Dans un message publié sur X, le dirigeant a réitéré l'appel à "chanter à nouveau la glorieuse strophe" de l'hymne national.
L'événement commémore le discours que Fidel Castro a prononcé au même endroit le 16 avril 1961, lors des funérailles des victimes des bombardements aériens, un jour avant l'invasion de Playa Girón, lorsqu'il a proclamé le caractère socialiste de la Révolution.
Pour l'événement, la Comisión Provincial de Seguridad Vial de La Habana a ordonné le fermeture totale de plusieurs rues du municipio Plaza de la Revolución à partir de 05h00.

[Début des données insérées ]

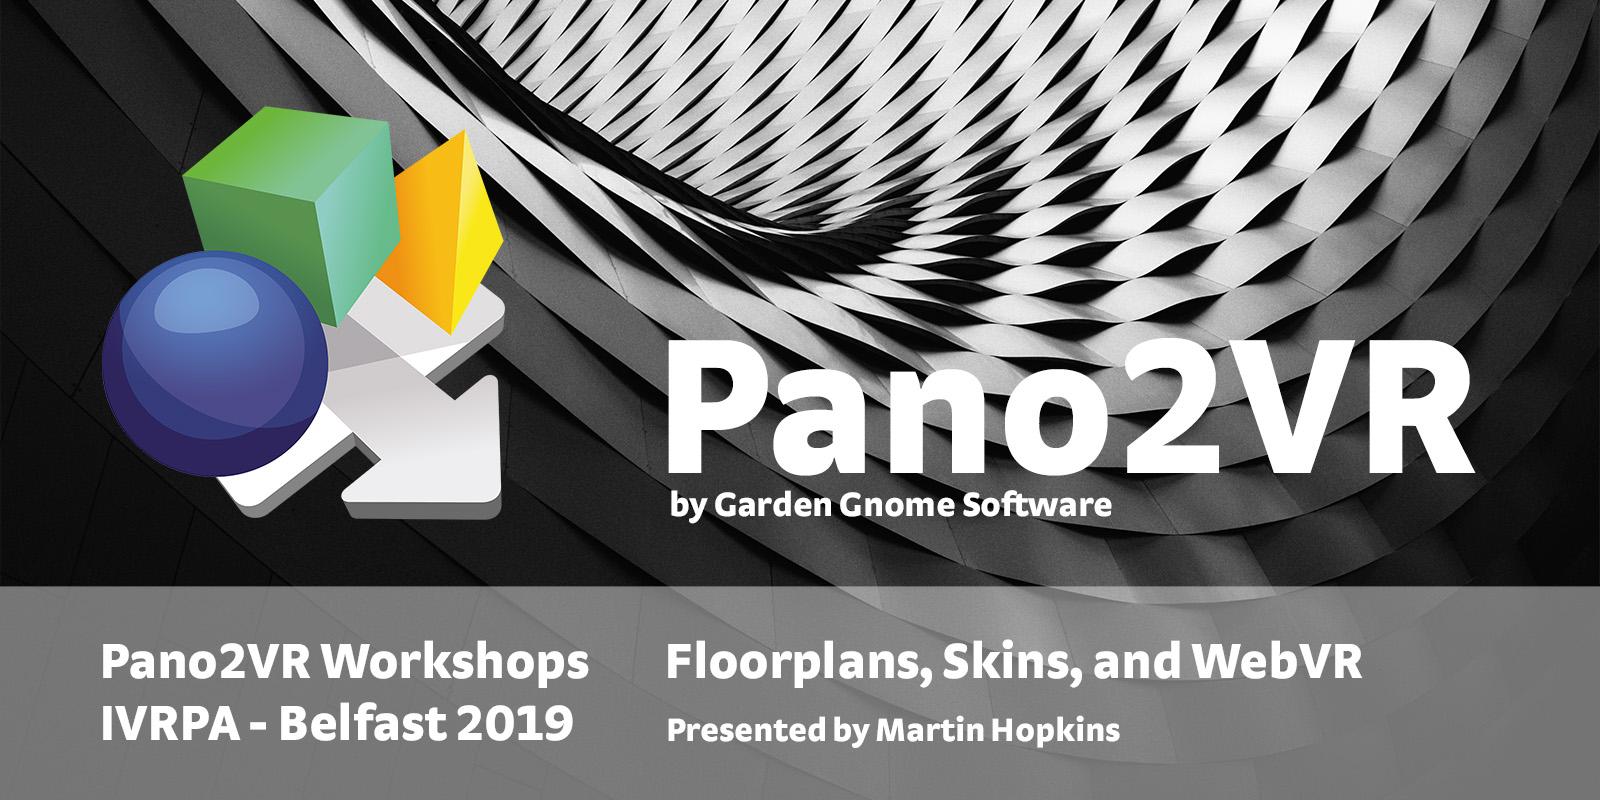 Pano2VR Workshops IVRPA Belfast 2019

La convocation de ce jeudi n'est pas un fait isolé, mais la dernière livraison d'un schéma discursif que Díaz-Canel a répété devant des auditoires nationaux et internationaux ces derniers mois.

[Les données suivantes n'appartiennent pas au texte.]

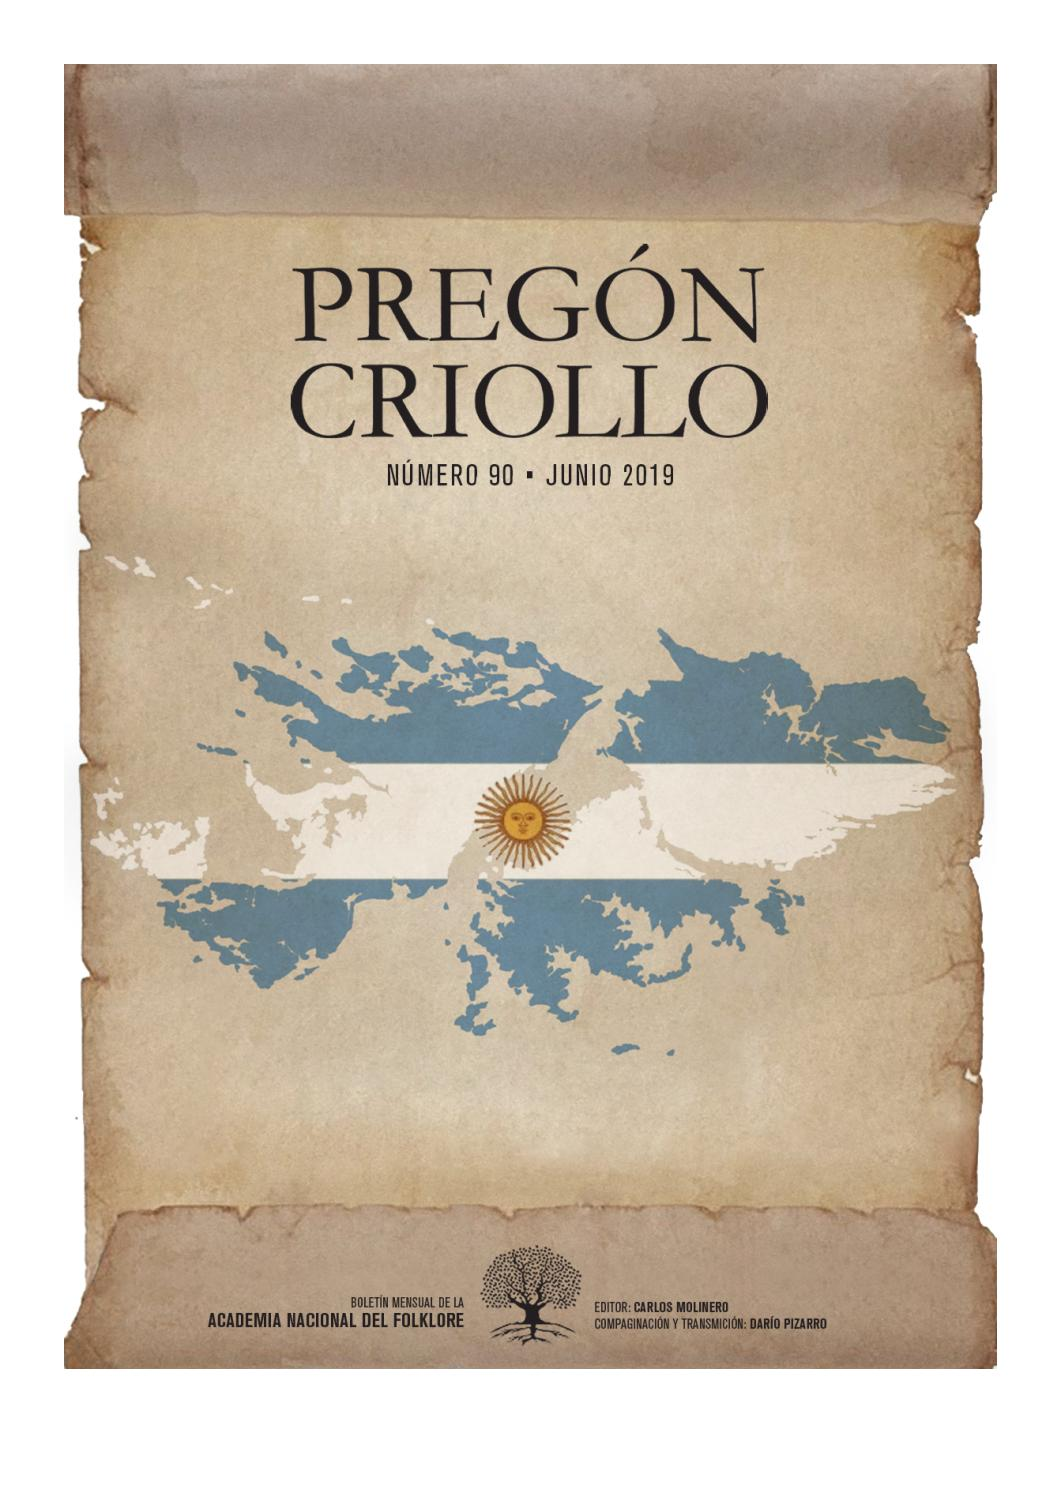 a98b132e9 Pregón Criollo Nº 90 - Junio 2019 by Academia Nacional del Folklore ...

Le dimanche dernier, lors d'une interview de 53 minutes avec le programme "Meet the Press" de NBC News —la première d'un dirigeant cubain dans cet espace depuis Fidel Castro en 1959—, Díaz-Canel a déclaré : "Je n'ai pas peur. Je suis prêt à donner ma vie pour la révolution" et "S'il faut mourir, nous mourrons, car comme le dit notre hymne national : mourir pour la patrie, c'est vivre".
En cette même interview il a refusé de libérer plus de 1 200 prisonniers politiques, de célébrer des élections multipartites et de reconnaître des syndicats et une presse libre, des conditions que Washington exige pour normaliser les relations. Interrogé sur la possibilité de renoncer pour sauver Cuba, il a répondu avec irritation : Tu poses cette question à Trump ? Cette question vient du Département d'État ?

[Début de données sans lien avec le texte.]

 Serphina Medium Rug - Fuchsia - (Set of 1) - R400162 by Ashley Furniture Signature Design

Le 7 avril, lors d'une interview avec Newsweek, il avait menacé d'une "guerre de guérilla" face à toute agression militaire des États-Unis et cita le même vers du hymne. Le secrétaire d'État Marco Rubio répondit par une seule phrase : "Je ne pense pas beaucoup à ce qu'il a à dire".
En mars, devant l'ex-leader de Podemos Pablo Iglesias, Díaz-Canel a été encore plus explicite : "Je te le dis avec la profonde conviction que j'ai, que j'ai partagée avec ma famille, que nous donnerions notre vie pour la révolution".
Ce discours de sacrifice et de résistance se répète alors que Cuba traverse sa pire crise depuis des décennies : des coupures de courant affectant plus de 60 % du territoire national, une pénurie généralisée de nourriture, de carburant et de médicaments, et un record historique de 953 manifestations enregistrées rien qu'en janvier 2026, selon l'Observatoire Cubain des Conflits.
Le tanker russe Anatoly Kolodkin est arrivé à Matanzas le 31 mars avec environ 700 000 barils de pétrole brut, ce qui est à peine suffisant pour couvrir un tiers des besoins mensuels du pays.
La consigne officielle du 1er Mai 2026, "La Patrie se défend", évoque également le même vers du hymne, consolidant un récit officiel qui appelle au sacrifice collectif, tandis que le régime évite d'assumer toute responsabilité pour le collapse que subit le peuple cubain.